Black Hat Briefings (commonly referred to as Black Hat) is a computer security conference that provides security consulting, training, and briefings to hackers, corporations, and government agencies around the world. Black Hat brings together a variety of people interested in information security ranging from non-technical individuals, executives, hackers, and security professionals. The conference takes place regularly in Las Vegas, Barcelona, London and Riyadh. The conference has also been hosted in Amsterdam, Tokyo, and Washington, D.C. in the past.

History
The first Black Hat was held July 7-10, 1997 in Las Vegas, immediately prior to DEF CON 5. The conference was aimed at the computer industry, promising to give them privileged insight into the minds and motivations of their hacker adversaries. Its organizers stated: "While many conferences focus on information and network security, only the Black Hat Briefings will put your engineers and software programmers face-to-face with today's cutting edge computer security experts and 'hackers.'" It was presented by DEF CON Communications and Cambridge Technology Partners. It was founded by Jeff Moss, who also founded DEF CON, and is currently the Conference Chair of the Black Hat Review Board. These are considered the premier information security conferences in the world. Black Hat started as a single annual conference in Las Vegas, Nevada and is now held in multiple locations around the world. Black Hat was acquired by CMP Media, a subsidiary of U.K.-based United Business Media (UBM) in 2005.

Culture 
Black Hat is typically scheduled prior to DEF CON with many attendees going to both conferences. It has been perceived by the security industry as a more corporate security conference whereas DEF CON is more informal.

Purpose
The conference is composed of three major sections: the Black Hat Briefings, Black Hat Trainings, and Black Hat Arsenal.

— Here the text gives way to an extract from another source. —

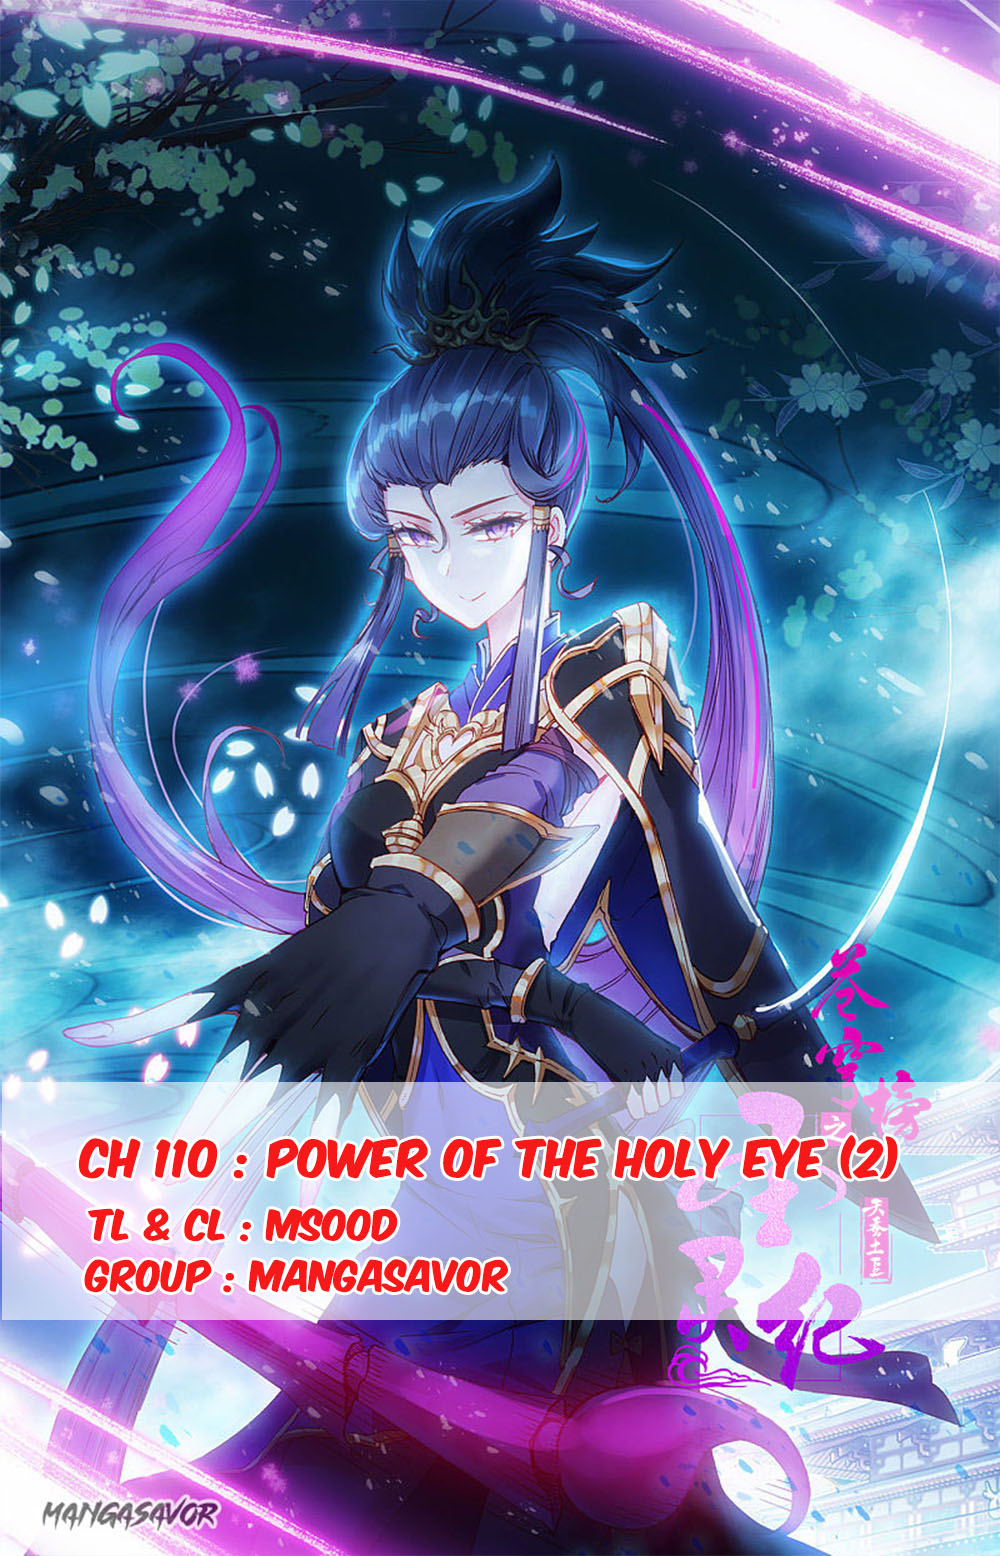 The Heaven's List Ch. 110.5 Power of the Holy Eye (2)

The Briefings are composed of tracks, covering various topics including reverse engineering, identity and privacy, and hacking. The briefings also contain keynote speeches from leading voices in the information security field, including  Robert Lentz, Chief Security Officer, United States Department of Defense; Michael Lynn; Amit Yoran, former Director of the National Cyber Security Division of the Department of Homeland Security; and General Keith B. Alexander, former Director of the National Security Agency and former commander of the United States Cyber Command.

Training is offered by various computer security vendors and individual security professionals. The conference has hosted the National Security Agency's information assurance manager course, and various courses by Cisco Systems, Offensive Security, and others.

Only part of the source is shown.